### The data
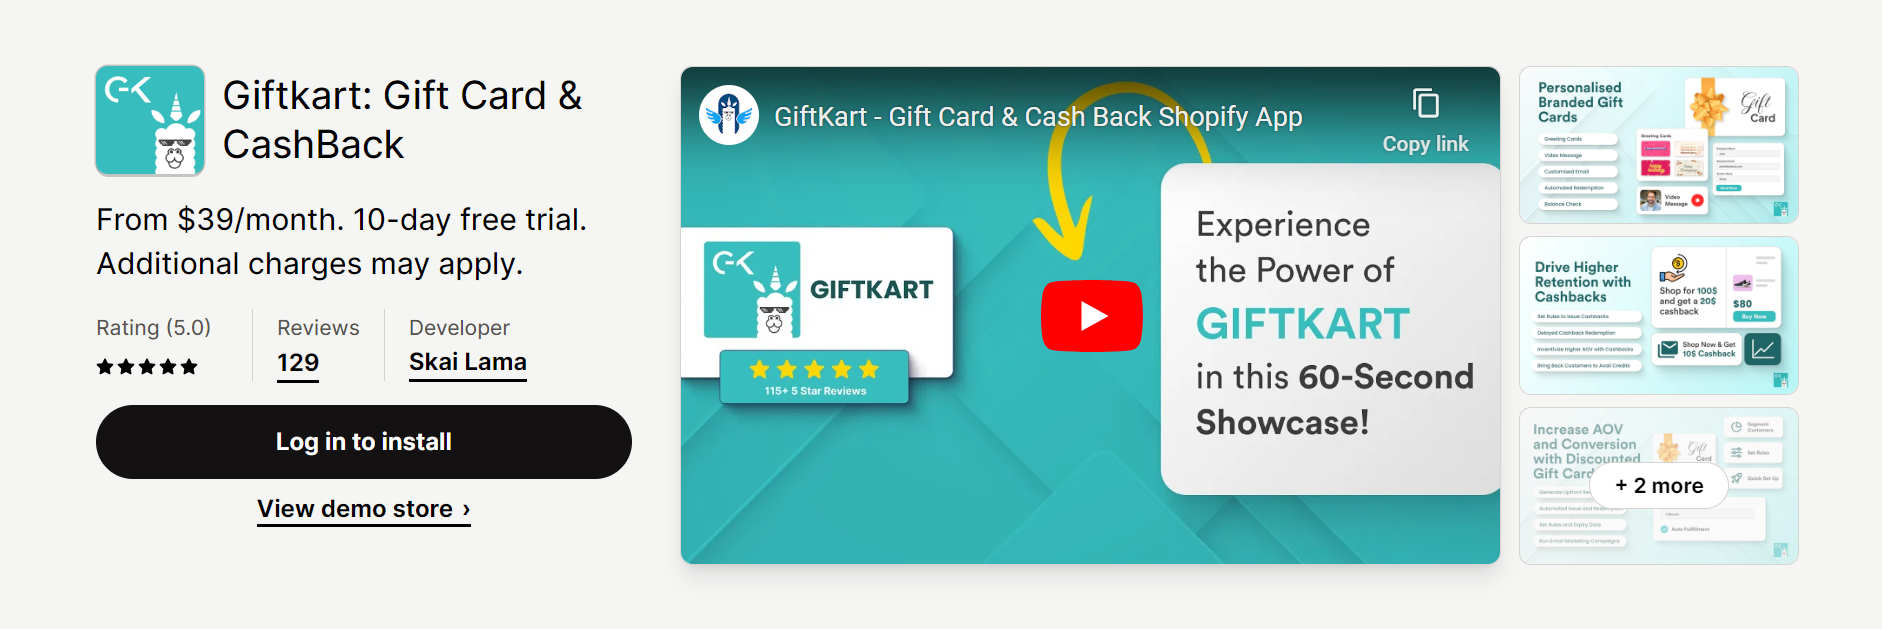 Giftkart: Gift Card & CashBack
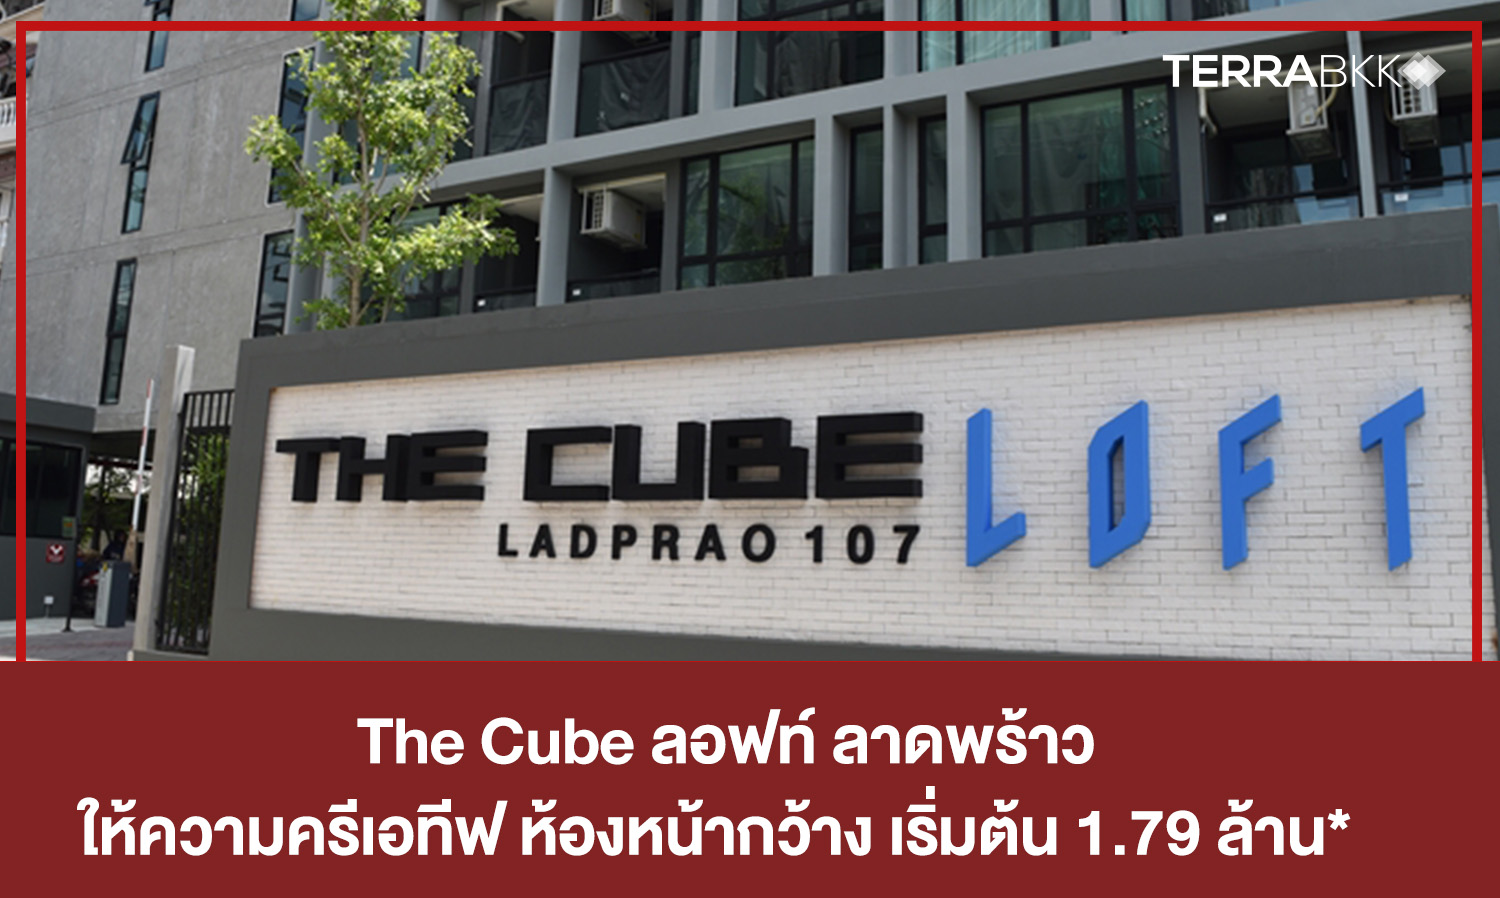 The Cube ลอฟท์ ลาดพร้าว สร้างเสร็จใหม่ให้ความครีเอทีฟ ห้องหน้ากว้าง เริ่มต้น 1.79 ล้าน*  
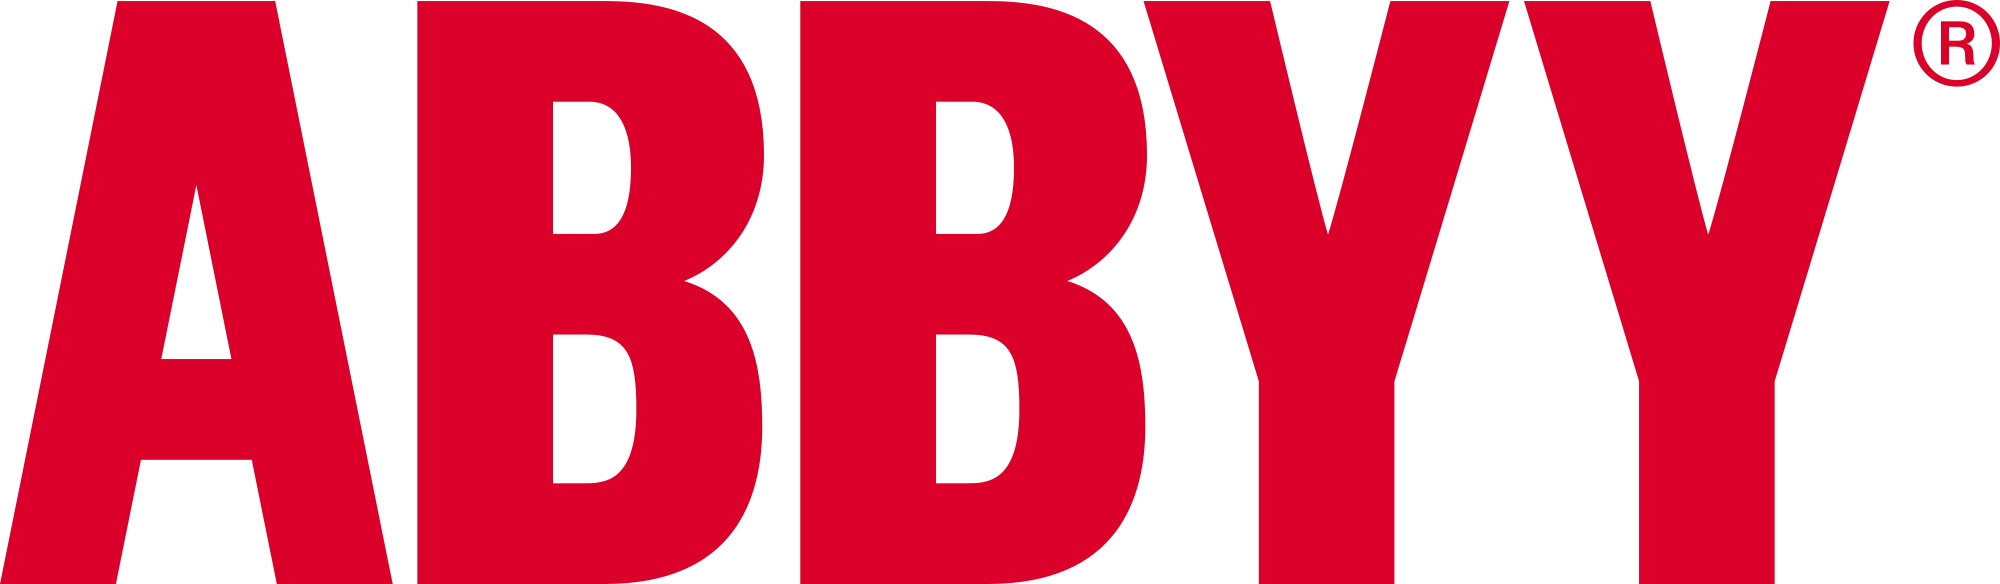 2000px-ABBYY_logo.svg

### Work to be completed
With the pictures omitted, the material is to be transcribed exactly.

### Exercise output
 Giftkart: Gift Card & CashBack
 The Cube ลอฟท์ ลาดพร้าว สร้างเสร็จใหม่ให้ความครีเอทีฟ ห้องหน้ากว้าง เริ่มต้น 1.79 ล้าน*  
 2000px-ABBYY_logo.svg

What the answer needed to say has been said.